The Essex Junto, which sent Pickering to Washington, and to which he appealed for support, read his letter with evident astonishment. George Cabot, Chief-Justice Parsons, Fisher Ames, and Stephen Higginson, who were the leaders consulted,[104] agreed that the scheme was impracticable; and Cabot, as gently as possible, put their common decision into words.

“All the evils you describe,” he said,[105] “and many more, are to be apprehended; but I greatly fear that a separation would be no remedy, because the source of them is in the political theories of our country and in ourselves. A separation at some period not very remote may probably take place,—the first impression of it is even now favorably received by many; but I cannot flatter myself with the expectation of essential good to proceed from it while we retain maxims and principles which all experience, and I may add reason too, pronounce to be impracticable and absurd. Even in New England, where there is among the body of the people more wisdom and virtue than in any other part of the United States, we are full of errors which no reasoning could eradicate if there were a Lycurgus in every village. We are democratic altogether; and I hold democracy in its natural operation to be the government of the worst.

“There is no energy in the Federal party, and there could be none manifested without great hazard of losing the State government. Some of our best men in high stations are kept in office because they forbear to exert any influence, and not because they possess right principles. They are permitted to have power if they will not use it.... I incline to the opinion that the essential alterations which may in future be made to amend our form of government will be the consequences only of great suffering or the immediate effects of violence. If we should be made to feel a very great calamity from the abuse of power by the National Administration, we might do almost anything; but it would be idle to talk to the deaf, to warn the people of distant evils. By this time you will suppose I am willing to do nothing but submit to fate. I would not be so understood. I am convinced we cannot do what is wished; but we can do much, if we work with Nature (or the course of things), and not against her. A separation is now impracticable, because we do not feel the necessity or utility of it. The same separation then will be unavoidable when our loyalty to the Union is generally perceived to be the instrument of debasement and impoverishment. If it is prematurely attempted, those few only will promote it who discern what is hidden from the multitude.”

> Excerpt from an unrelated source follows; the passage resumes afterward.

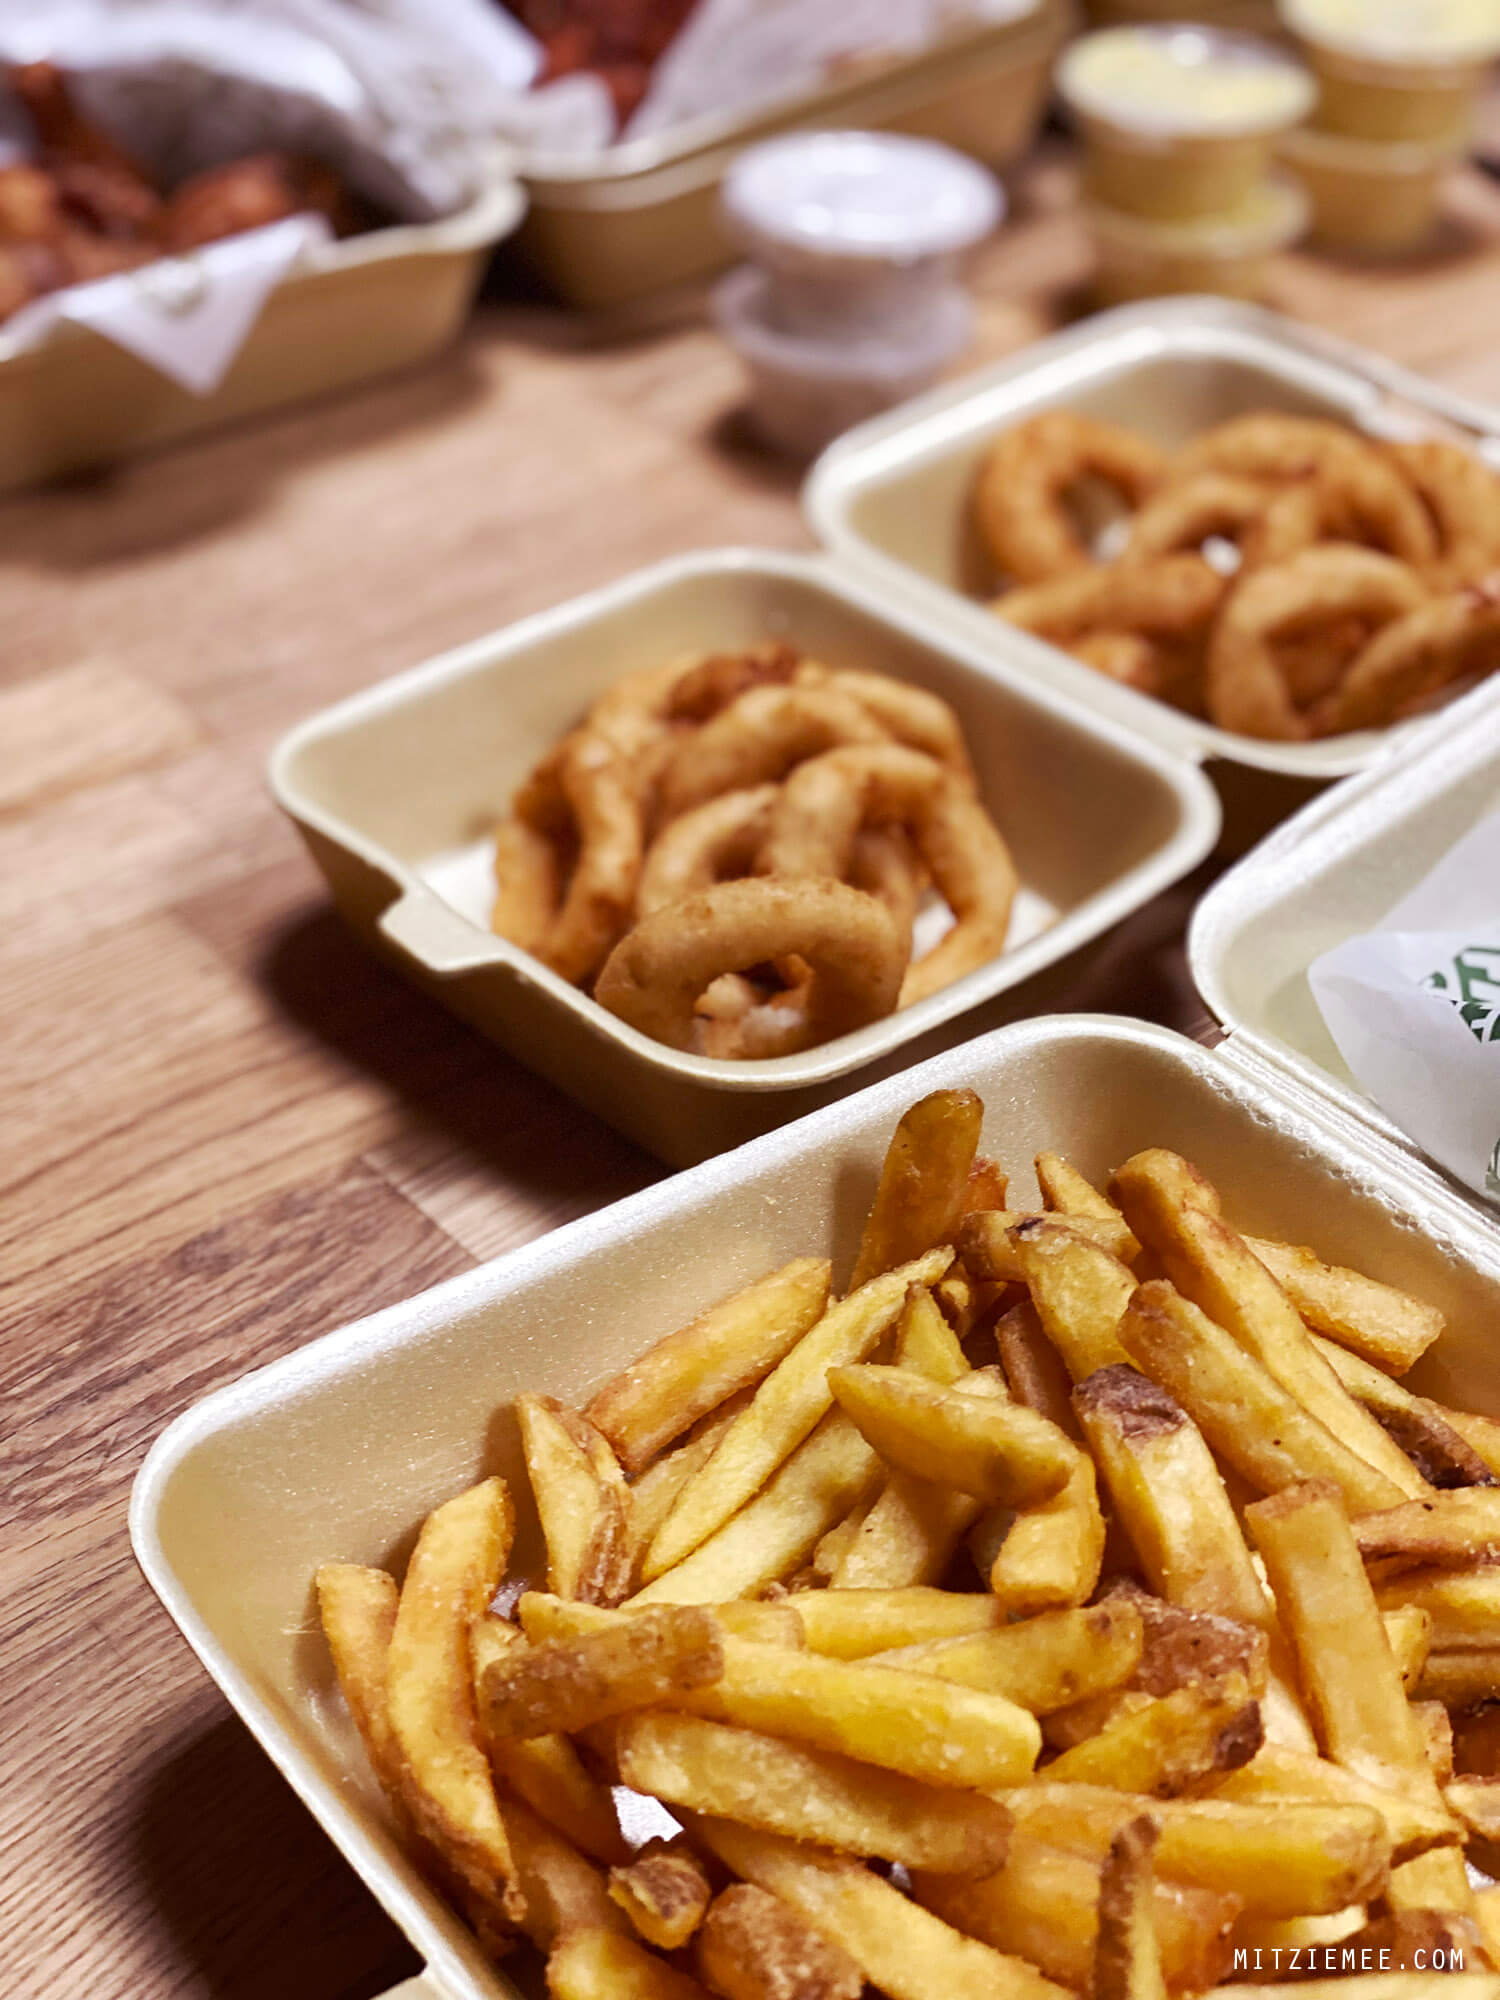 Takeout from Wingstop, Dubai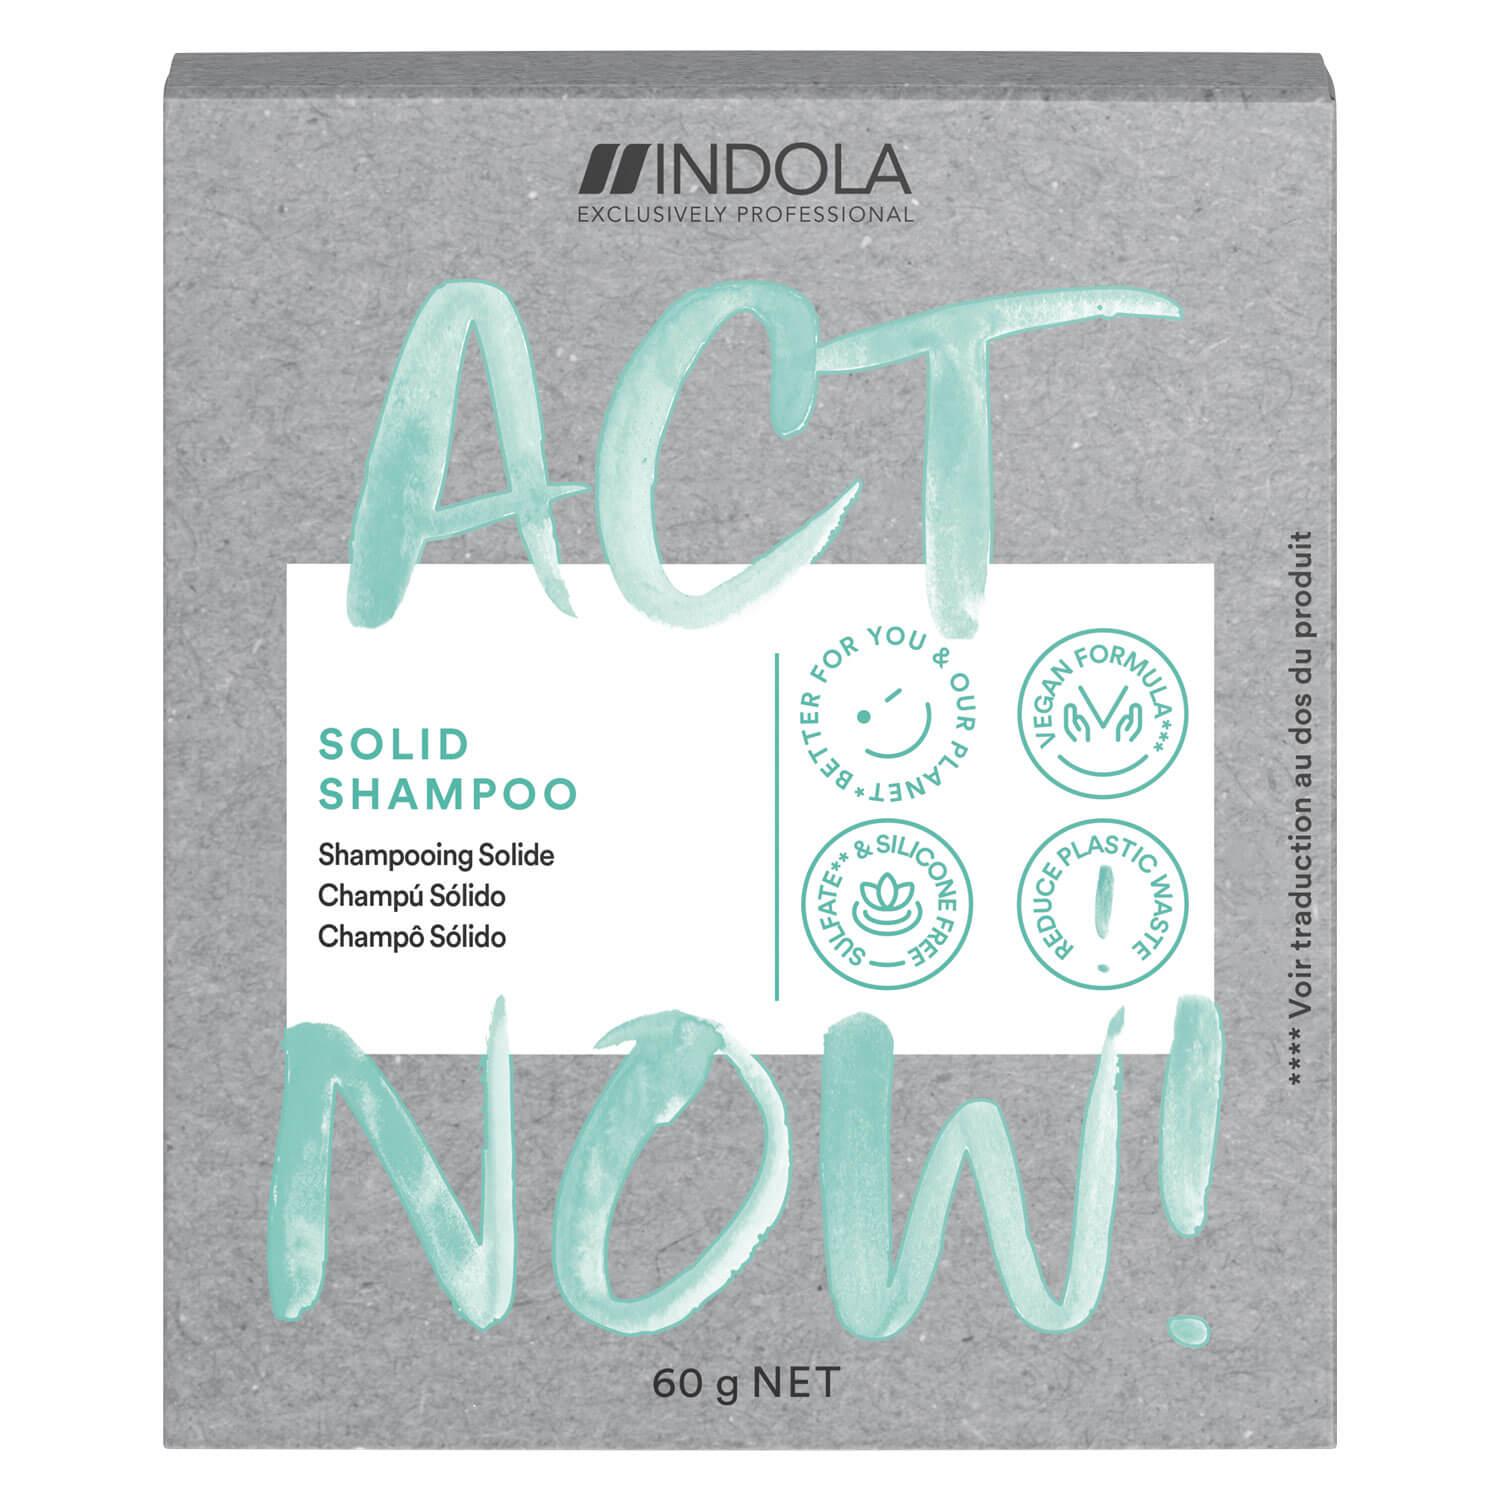 ACT NOW - Solid Shampoo

Cabot’s letter, more clearly than any writing of Alexander Hamilton himself, expressed the philosophy and marked the tactics of their school. Neither Cabot nor Hamilton was a lively writer, and the dust which has gathered deep on their doctrines dulls whatever brilliancy they once possessed; but this letter showed why Cabot was considered the wisest head in his party, to whose rebuke even Hamilton was forced to bow. For patient and willing students who have groped in search of the idea which, used by Hamilton and Jefferson, caused bitterer feeling and roused deeper terrors than civil war itself, Cabot’s long and perhaps pedantic letter on the policy of disunion was full of meaning. “We shall go the way of all governments wholly popular,—from bad to worse,—until the evils, no longer tolerable, shall generate their own remedies.” Democracy must end in a crisis, experience and reason pronounced it impracticable and absurd, Nature would in due time vindicate her own laws; and when the inevitable chaos should come, then conservative statesmanship could set society on a sound footing by limiting the suffrage to those citizens who might hold in their own right two thousand dollars value in land. Meanwhile disunion would be useless, and the attempt to bring it about would break up the Federalist party. “A war with Great Britain manifestly provoked by our rulers” was the only chance which Cabot foresaw of bringing the people of New England to a dissolution of the Union.